Billy nodded and looked into the middle distance as though he was trying to replay the scene in his mind. He looked puzzled. ‘It was like you suddenly had a spotlight on you.'

‘So, just to be clear: it was a sudden thing more than a gradual thing.'

‘Can't answer that – because who knows what's been going on subliminally and for how long? Am I right?'

God, of all the annoying times for him to become reflective. ‘Billy, just concentrate on that particular class – what else did you notice about me, if anything?'

‘The best way to put it, I guess, is that it was just blindingly obvious that you were the most interesting person in the room.' Billy smiled the addictive smile. ‘Apart from me.'

She felt sick to the pit of her stomach. She had to force herself to breathe in to avoid a footpath vomit. She needed to sit down, fast, and put her head between her legs.
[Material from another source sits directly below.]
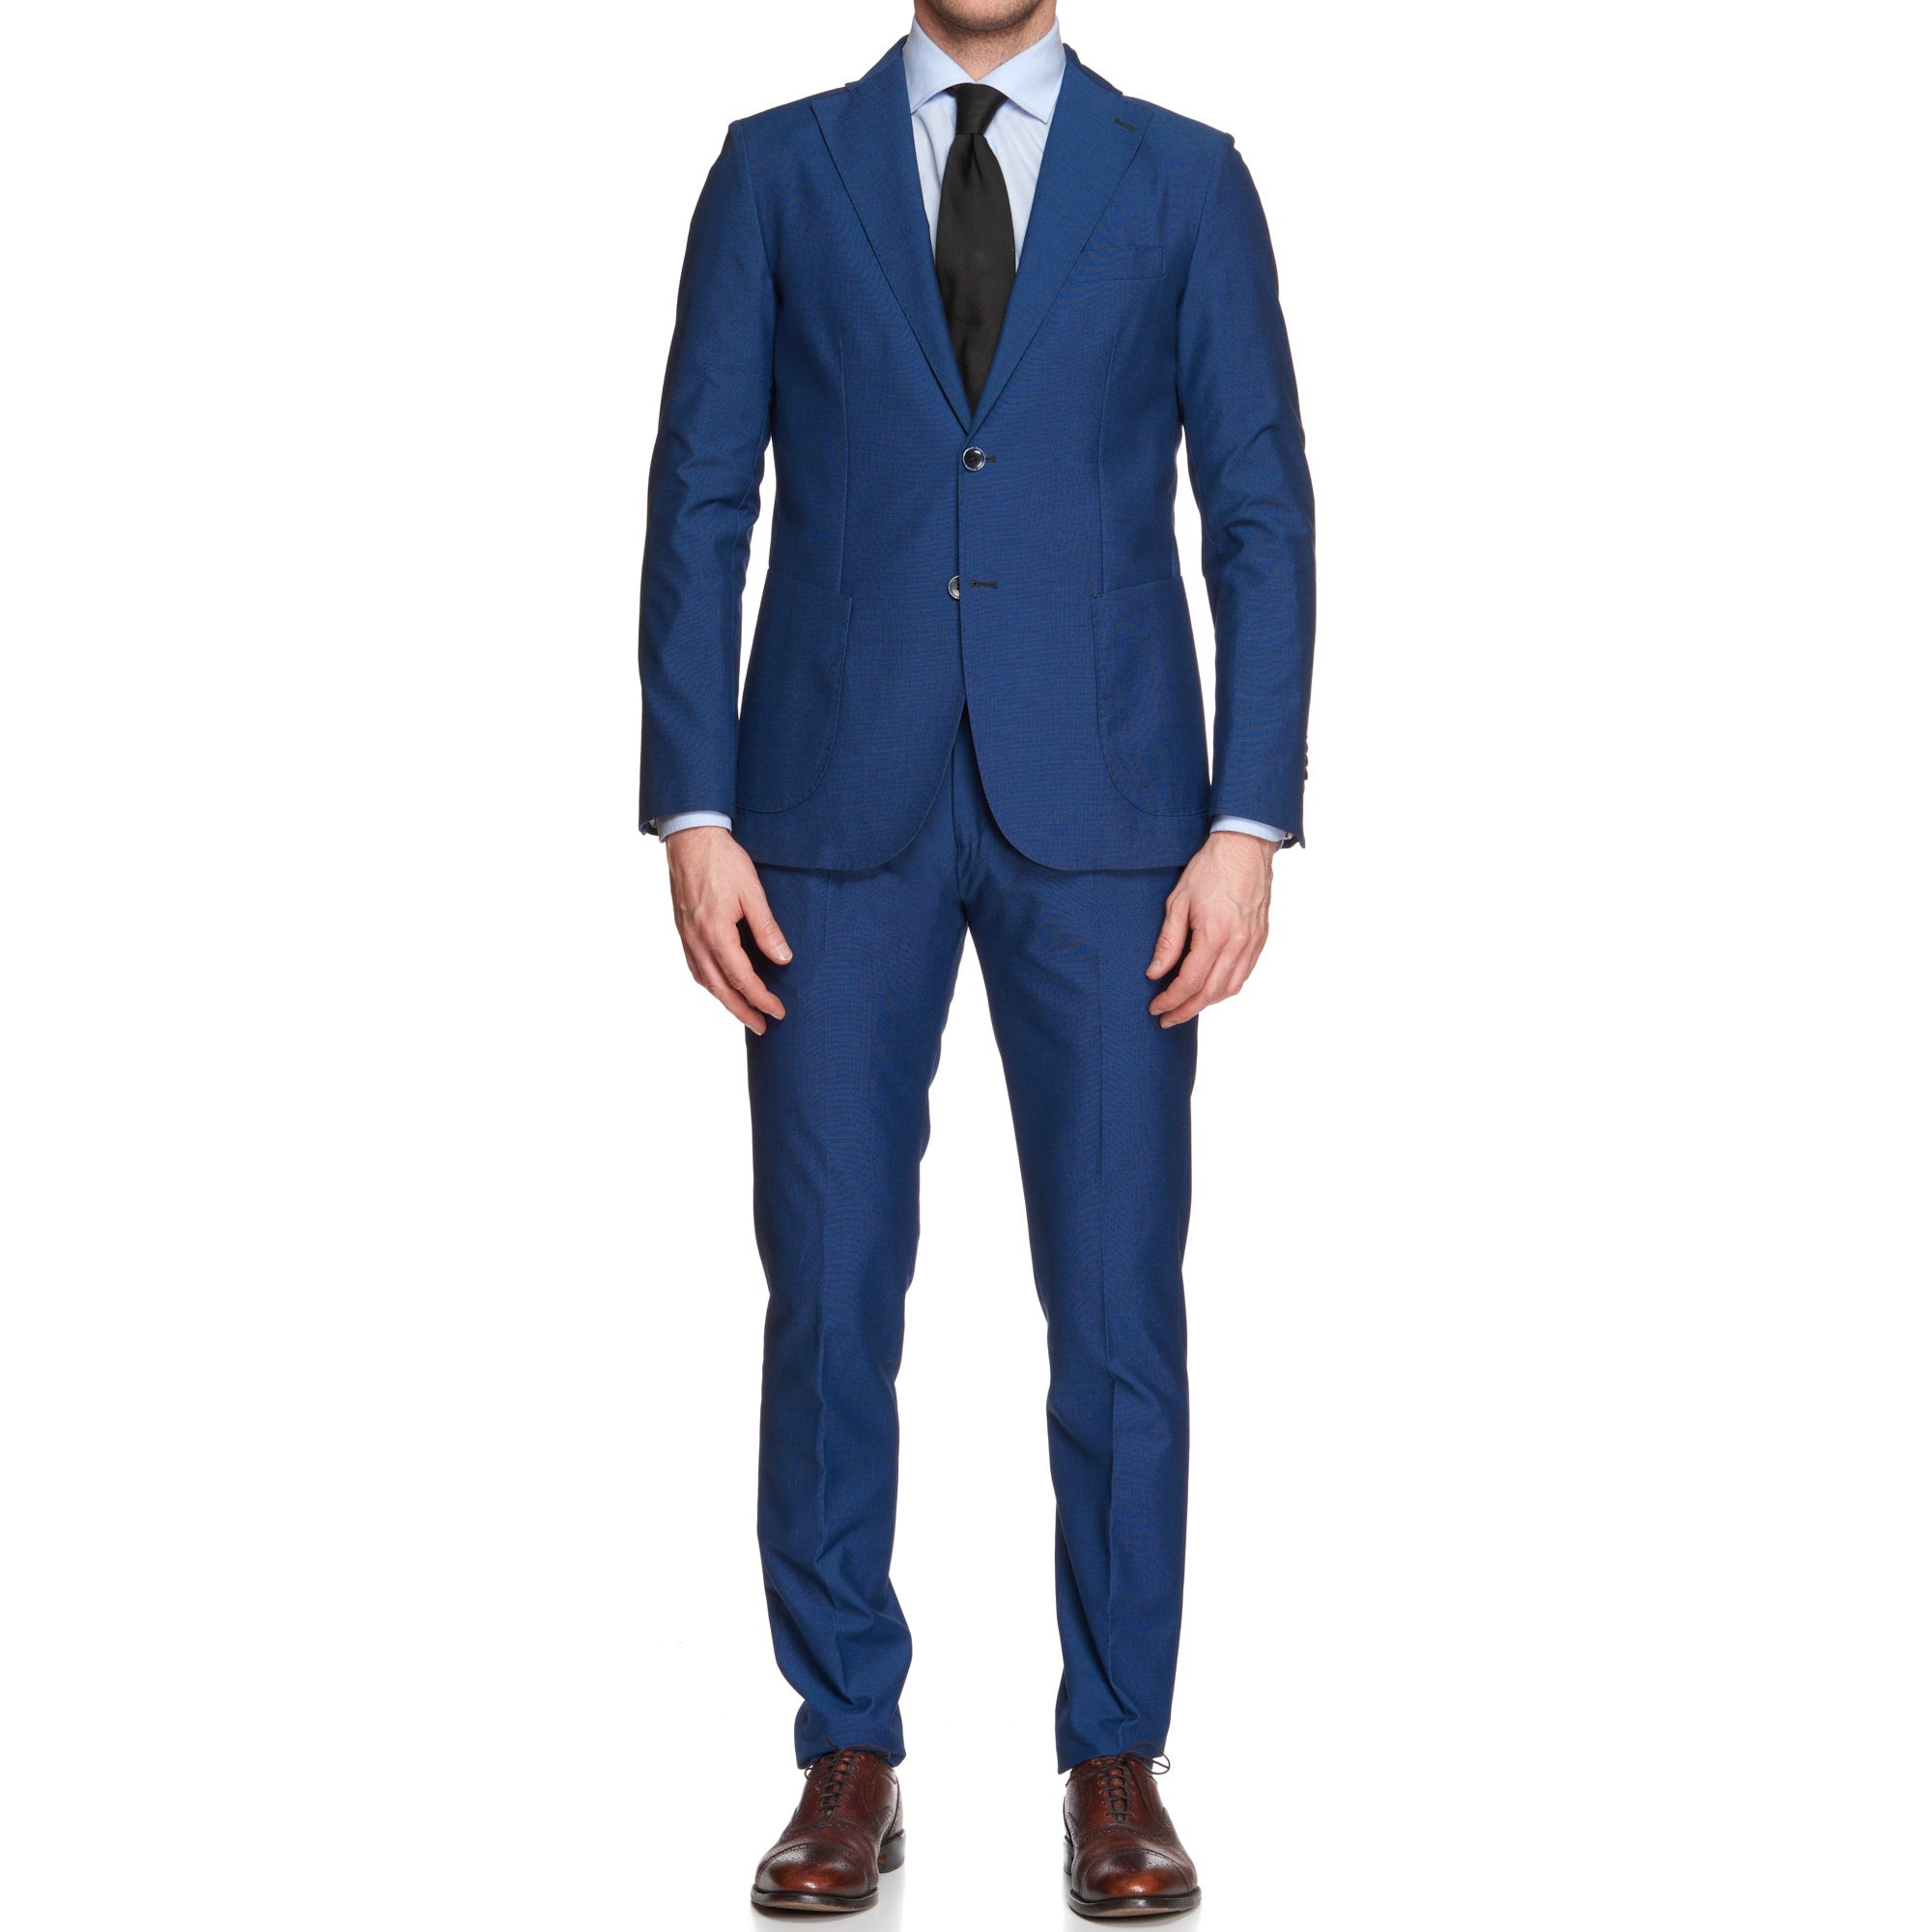 VINCENZO PALUMBO Napoli Blue Birdseye Wool Suit NEW
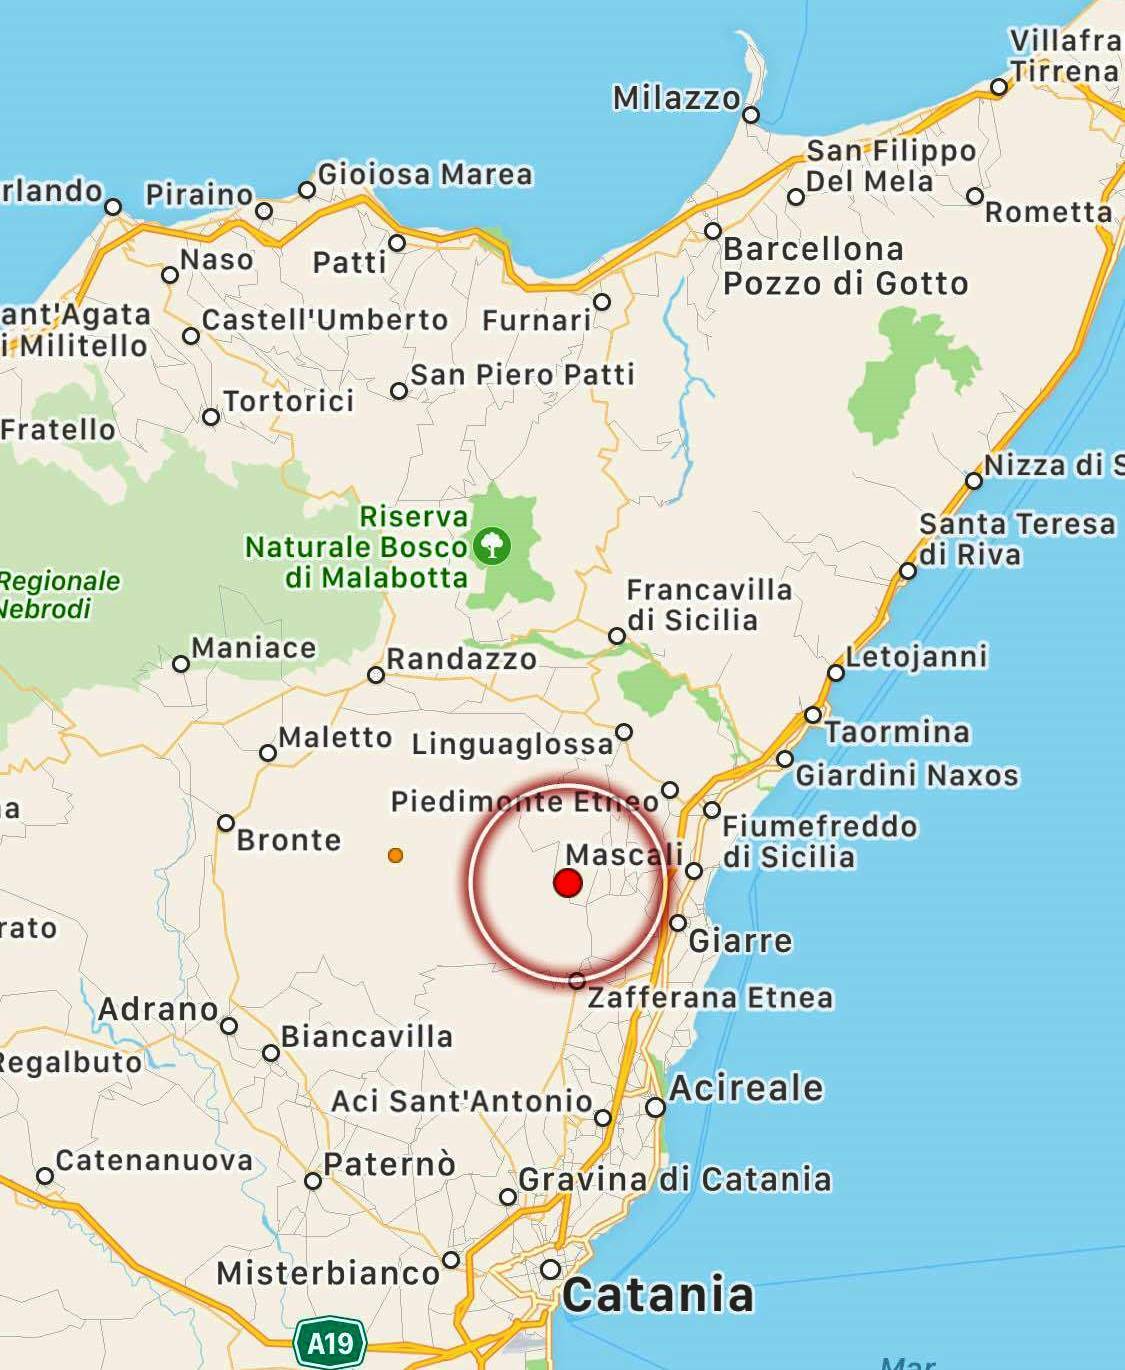 Terremoto, scossa sull’Etna: paura tra Giarre e Catania [DATI e MAPPPE] - Stretto web

It was like being pulled apart with no chance of reconnecting the two halves again. Wasn't this proof that her most ridiculous, improbable fantasy was being delivered to her on a plate? But how could she –
she could not
– believe in the means by which the fantasy appeared to have been delivered? A little glass vial? A wish being granted? This was not a phenomenon of the real world. She knew it as well as she knew her own name.

Her name, Cloudwish, could that have anything to do with anything? Of course not! Things inside her head were hectic and preposterous.

A tram stop seat saved her from falling in a heap. ‘
Shazbat
,' she said as she sat down, slipped out of her backpack straps, and dropped her head between her knees.

‘What the fuck's a shazbat?' Billy asked fondly. ‘Are you okay? Did you have breakfast?'

She lifted her head. ‘
Shazbat
is an alien swearword from an antique American sitcom called
Mork and Mindy
that Jess's parents got in a DVD collection of old TV shows. I'm fine. I had a humungous breakfast.' She dropped her head again. Circulation normalised. She re-engaged with her backpack and stood up.

‘Are you really okay?' Billy asked, touching her shoulder gently.

‘Yup,' she said, and risked giving him her first unguarded smile. She had to figure all of this out, but, hell, why not enjoy the aberration while it lasted?

Billy appeared to be appropriately dazzled, and she widened her smile in response.

Bizarro world, I'm moving in, she thought. Who knew for how long?